When the demon Duiwel sent us off, the words he said stuck in my head for days after. Words that were both a command and a warning. He sent us off, promising whoever found the artefact that would return all his stolen powers to him even before he had fully recovered from his imprisonment would survive alongside their families. He told us not to return until we had found it, or our families would pay the price. He told us we had until he'd recovered what strength had not been sealed separately, which would most likely be towards the end of December, the year Mudiwa, Nyah and I turned 21.
So the clock was ticking. We were scattered, still with parts of the broken shrine in hand. My skin had paled and flaked, became as sand, and as I travelled and searched, I became acquainted with my new body, and in turn with my new abilities.
That was when I made a dire mistake.
Duiwel had called himself weak, or weakened, and I'd remembered that the most. If he was weak, and he'd gifted some of his powers to the four of us, then maybe there was a chance to save our families, the very ones he held hostage.
Thinking back on it all, I wasn't thinking straight. I missed my family. My mother, my sisters...I was the only male left in our family, the only one fully educated, the best my rather small family had for support. I was the man of the house, and suddenly I had disappeared without a trace. The idea that they were worrying about me, the idea that they might be afraid, or suffering in any way, it was unbearable. It kept me up at nights.
So I returned to our little rural village. I returned with a plan. I would find my sisters, my mother, my family, help them escape the village, escape the demon's reach, and then face him myself. I had no idea where he had sent the other three, but he had given me his powers, powers that could send anyone to sleep, and even before these powers were mine I was a strong guy. A big guy.
I genuinely, stupidly thought I had a chance.
I didn't even make it to my family.
The demon headed me off by one of the fields, one I'd cut across many times as a child between school and my home, and I had raised my fists, ready to fight. Anything for my family. Anything for my friends.
~
As the sun rose over the village, recently rocked by the sudden unexplained disappearance of four teenagers, a strange sound called the villagers out to the field, gouged deep overnight. There stood the fearsome creature known as Duiwel, and in his claws was me. I was injured, faint, held upright only by his grip on my hair, and when everyone was gathered, he spoke.
"Ladies and gentlemen. As you know, young Boipelo Hassan and his friends went missing just last month. The good news is, though you may not recognise him straight away, I have young Boipelo right here! The bad news here is, well...he and I had a deal. I would keep you all alive and completely unharmed provided he went and got something of mine before coming back here. He, unfortunately, did not keep his end of the deal, so now I see no reason why I should." With his other hand, he beckoned to the frightened crowd. "I think I shall start with his family, then move to the loving families of his young friends. What are their names, boy?"

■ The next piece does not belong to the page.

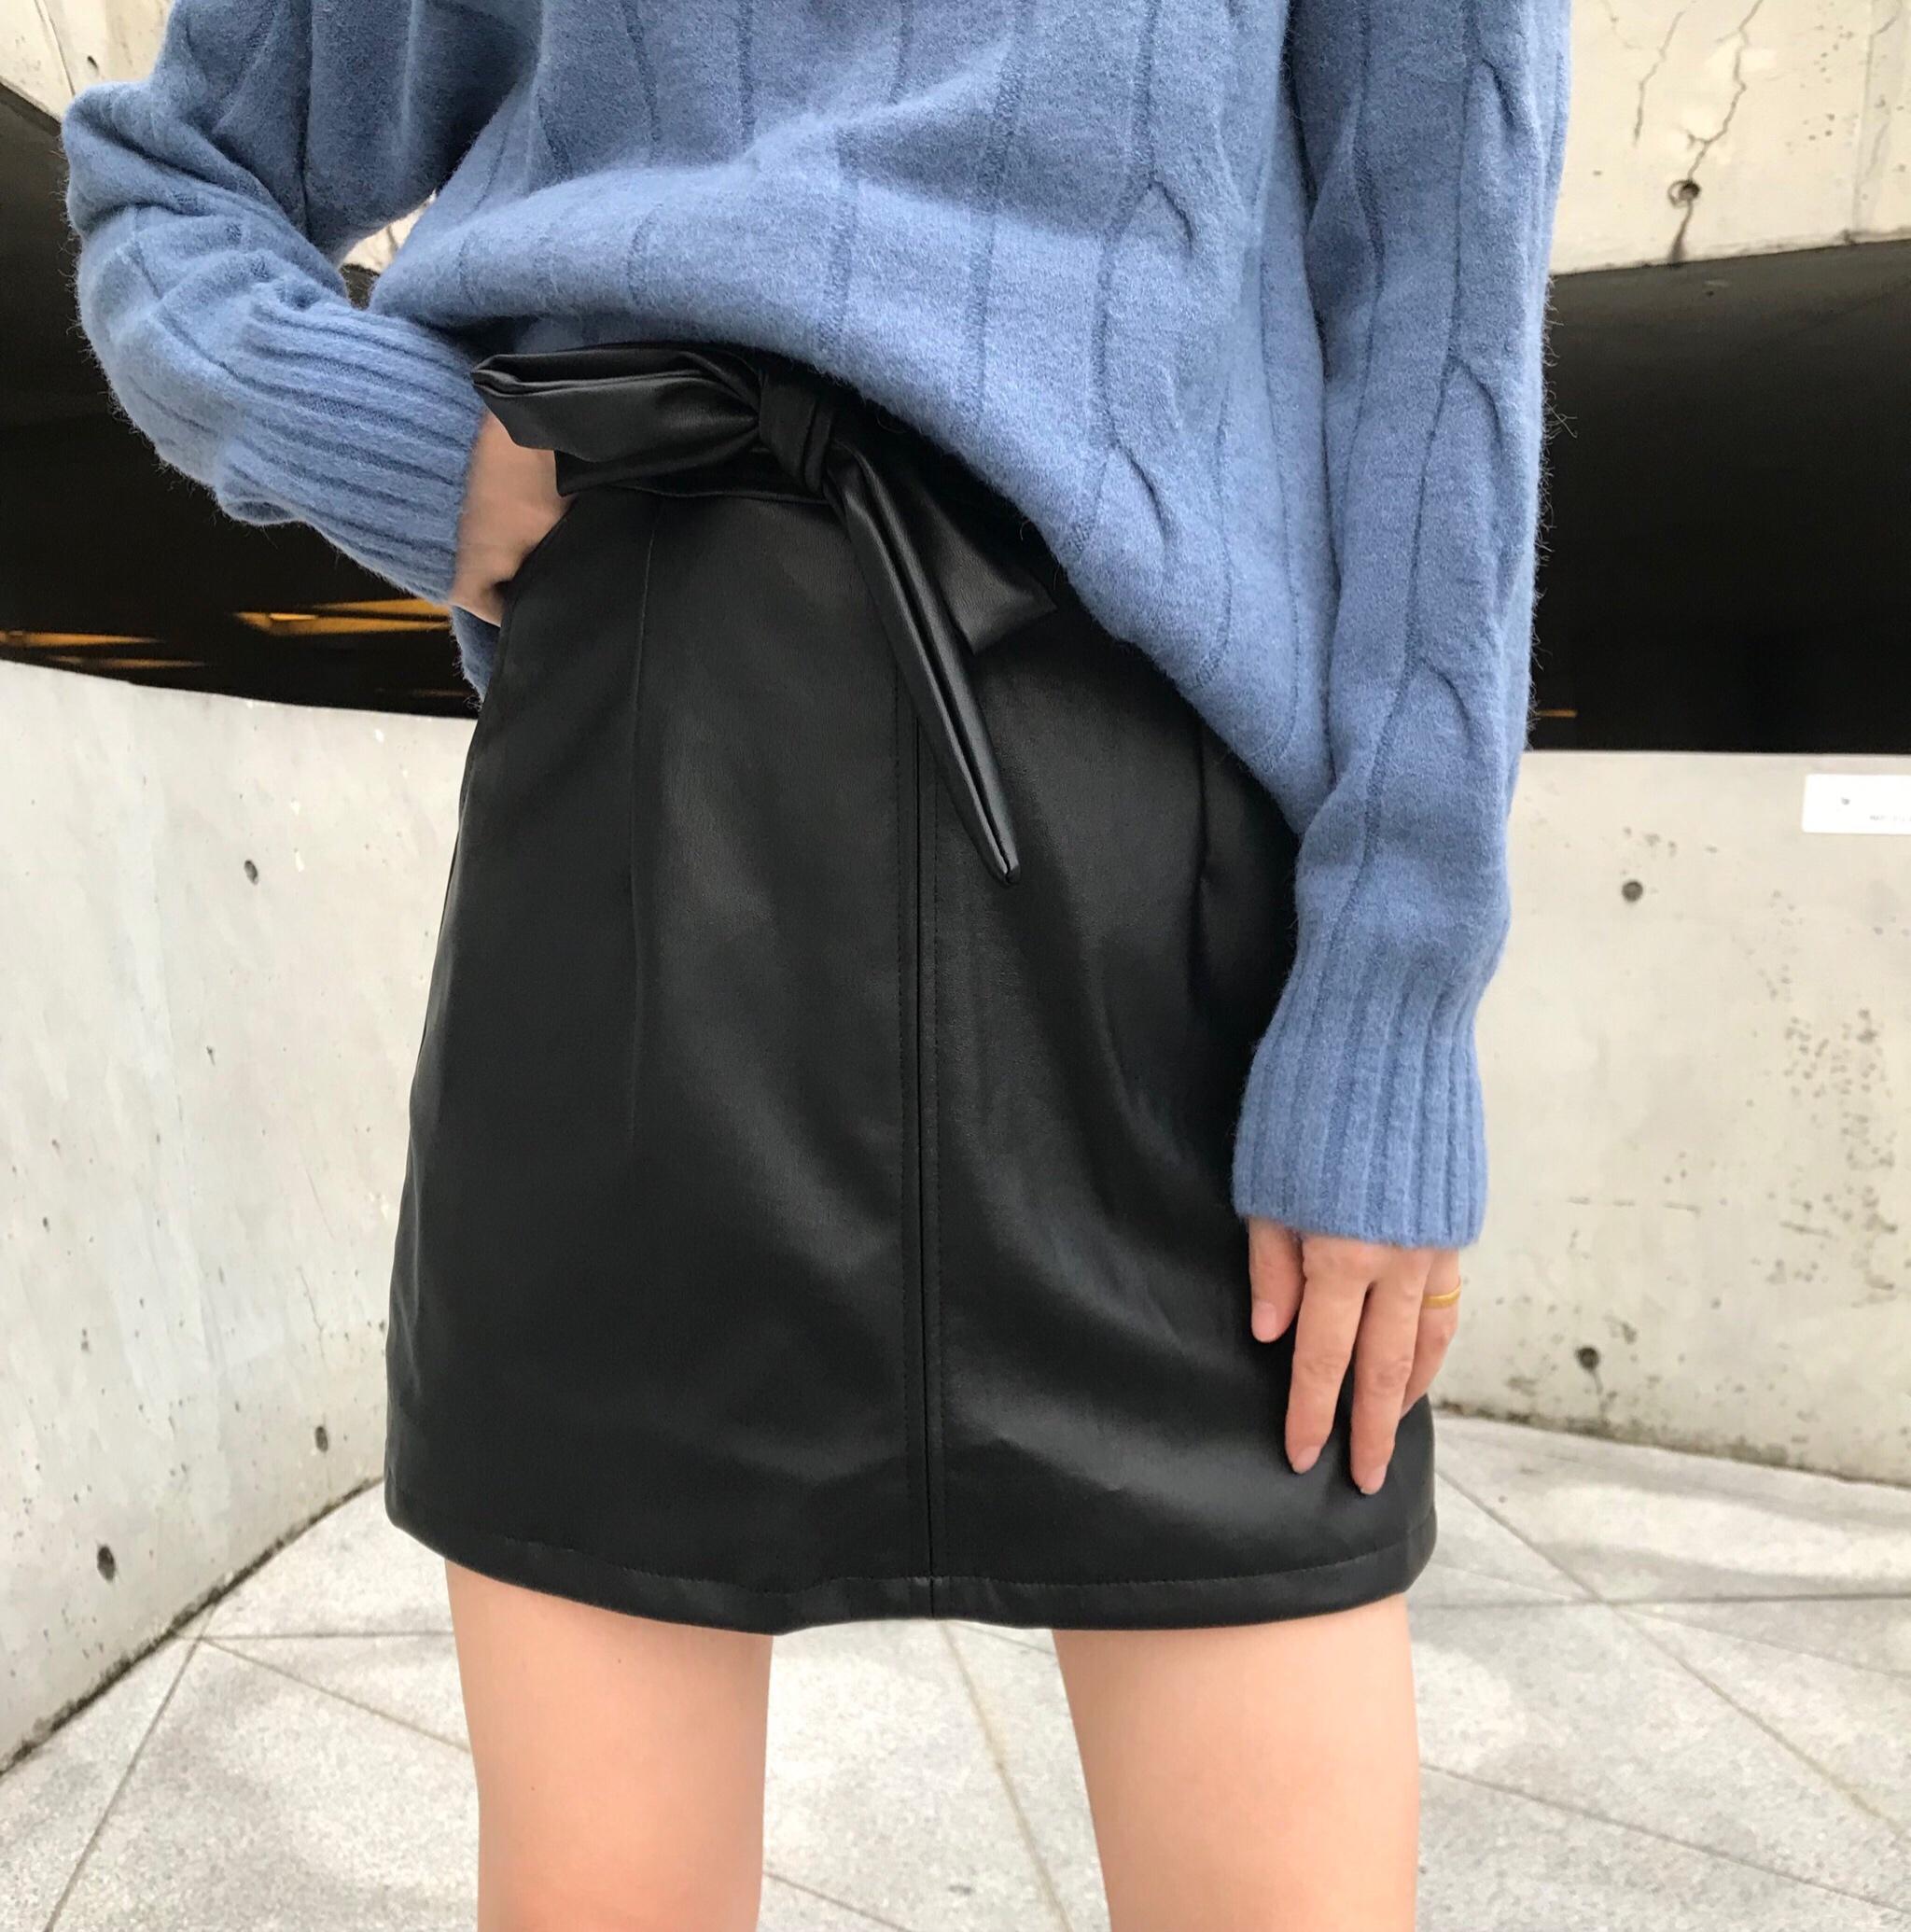 2019秋冬新款气质纯色直筒显腿长减龄包臀洋气半身裙女潮-Q.R.M-

Instead of answering, I spat, and he yanked my head back hard.
"No matter. It's these four lovely ladies here, correct?"
He brought them forward, though I don't know how, and paraded me before them. Let them see the injuries I'd sustained fighting him. And true to his word, he destroyed them.
It was a massacre. People ran and screamed, tried to escape the moment he began to tear into and torture the first victim, my own mother. Each and every one of them was caught, even as the previous victim's screams still pierced the air. Through it all, he kept my eyes open, made me watch every single one, each and every kill.
It was my fault. I wanted to hang out by the old shrine, I started playing rough, and I went back despite the warnings and caused all of those deaths. At the end of it all, I was kneeling on the floor, surrounded by swathes of blood and chunks of what had once been people. My people.